Grossesse
Témoignage: J'ai vécu une fausse couche
Photographe : Anne Villeneuve
Grossesse
Témoignage: J'ai vécu une fausse couche
C’est l’été. Il fait beau et chaud quand je réalise que mes règles sont parties en vacances. Je cours donc à la pharmacie pour me procurer un test de grossesse. Un pipi plus tard, une deuxième ligne rose apparaît, traçant du même coup mon avenir.
Les premières semaines se déroulent à merveille, mais je suis impatiente d’avoir mon premier suivi de grossesse pour me rassurer que tout va bien. J’avais l’intention d’attendre un peu avant d’en parler à mon entourage, mais la fatigue et les petits malaises m’ont finalement incitée à dévoiler ma surprise.
À mon premier rendez-vous, comme je ne connais pas la date exacte de la conception, la médecin me propose d’essayer d’écouter le cœur du bébé... sans succès. Mais ce n’est pas nécessairement alarmant, ma grossesse est peut-être trop récente, après tout!
Je dois donc attendre la prochaine étape: l’échographie de datation. Allongée sur le lit, dans une grande pièce noire, je vois l’écran s’allumer devant moi. Et, en une fraction de seconde, je sais... je sais que tu n’es pas là, mon enfant. La gynécologue promène la sonde sur mon ventre, mais elle revient rapidement à cette tache ronde et noire. L’image du vide. Puis les mots que je redoute tant retentissent: «Normalement, on verrait un bébé ici. C’est ce qu’on appelle un œuf clair.» Quel choc! Ma grossesse est bien réelle et mon placenta continue de grossir, mais mon embryon a cessé de se développer peu après la fécondation. Mais où es-tu, mon enfant? Je t’imagine, je t’aime, mais tu n’existes plus...
De retour à la maison, je tente de démêler les émotions qui me submergent. Honte. Déception. Peur. Les jours qui suivent sont pénibles: j’éprouve toujours des symptômes de grossesse, mais je dois faire le deuil de mon enfant. Ensuite, la médecin m'offre trois choix: attendre que la nature fasse son travail, prendre une pilule abortive ou subir un curetage. J'opte pour le curetage, soit l’option la plus rapide. «Les gens oublient souvent qu’une fausse couche est un deuil comme un autre, souligne la psychologue spécialisée en périnatalité Marie-Alexia Allard. Pour beaucoup de femmes, la fausse couche représente la perte de leur enfant et le deuil d’un avenir, même si leur grossesse n’était pas visible.»

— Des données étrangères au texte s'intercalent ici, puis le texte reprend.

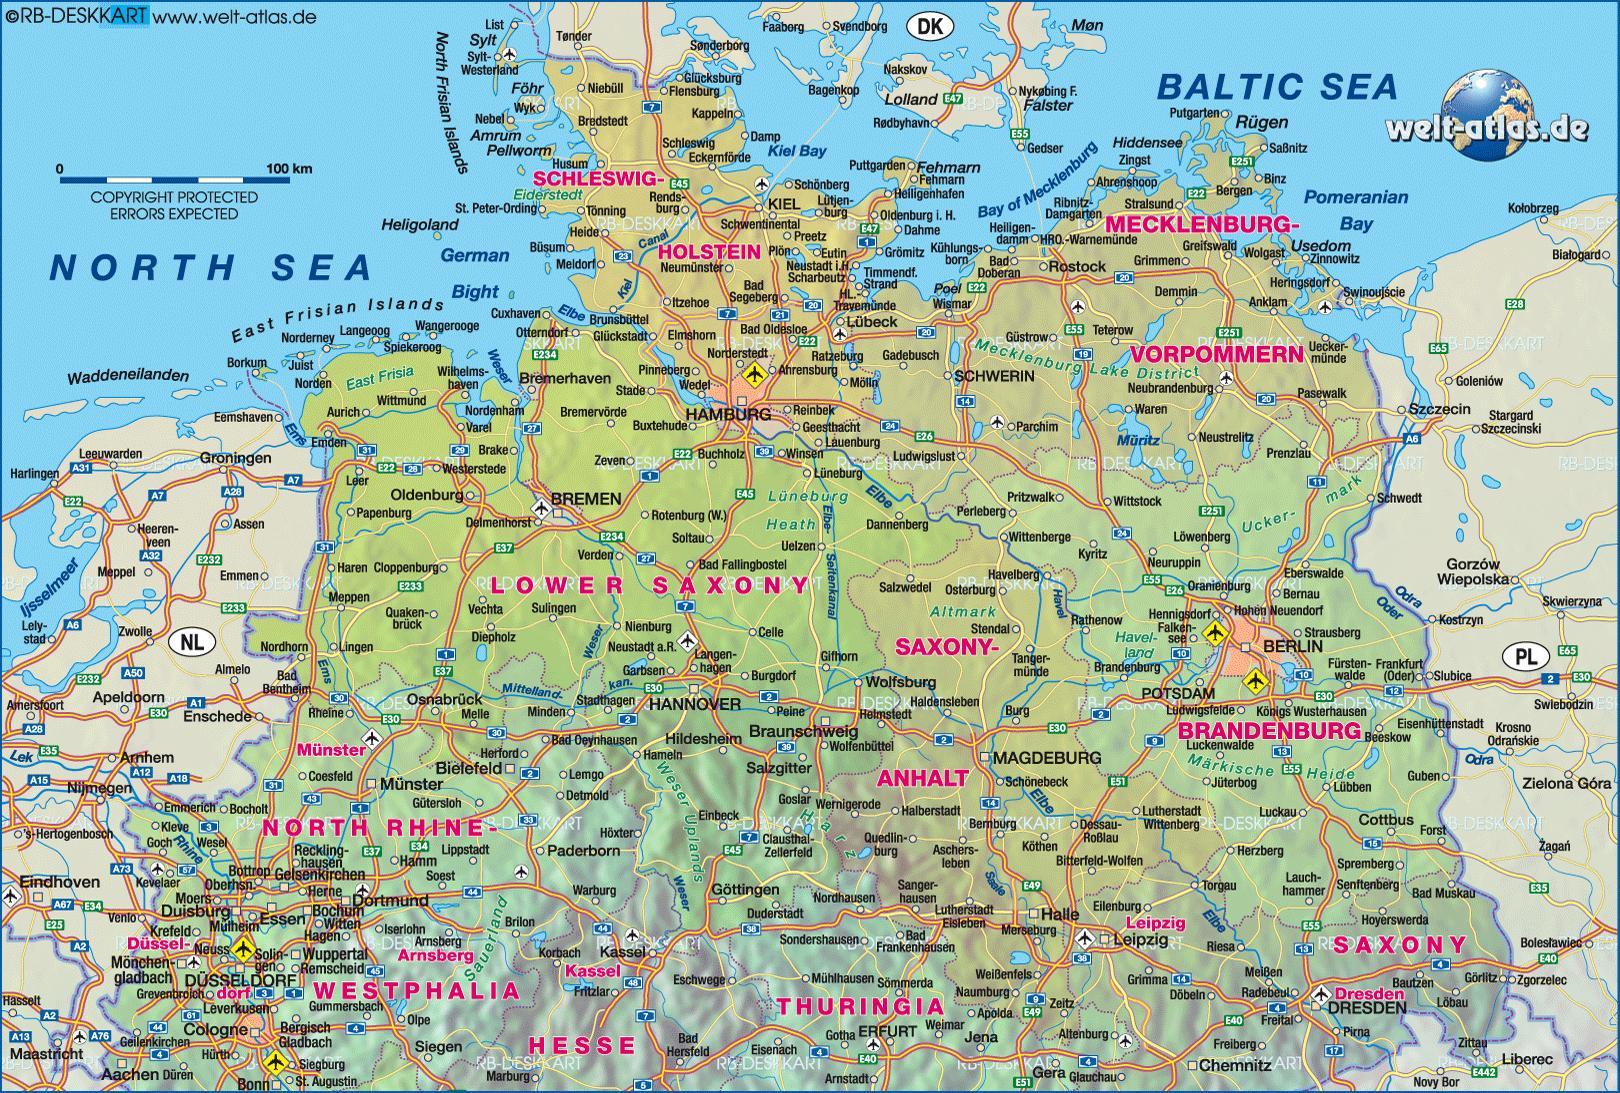 kart over middelhavslandene Nord Tyskland kart   Kart over nord Tyskland (Vest Europa   Europa) kart over middelhavslandene

Ce que je trouve le plus difficile, c’est de ressentir de la peine, alors que ça semble déjà être chose du passé pour le reste du monde. Je m’isole pour pleurer. Je ne veux pas me sentir coupable ou jugée d’être encore triste par moments. «Il n’est pas rare qu’une femme qui a eu une fausse couche se sente incomprise ou seule avec sa peine», fait remarquer Marie-Alexia Allard, qui recommande alors de consulter un spécialiste. La vie a depuis repris son cours. Quant à moi, je m’accroche à une phrase que mon médecin m’a répétée: «La bonne nouvelle, c’est que tu es fertile.»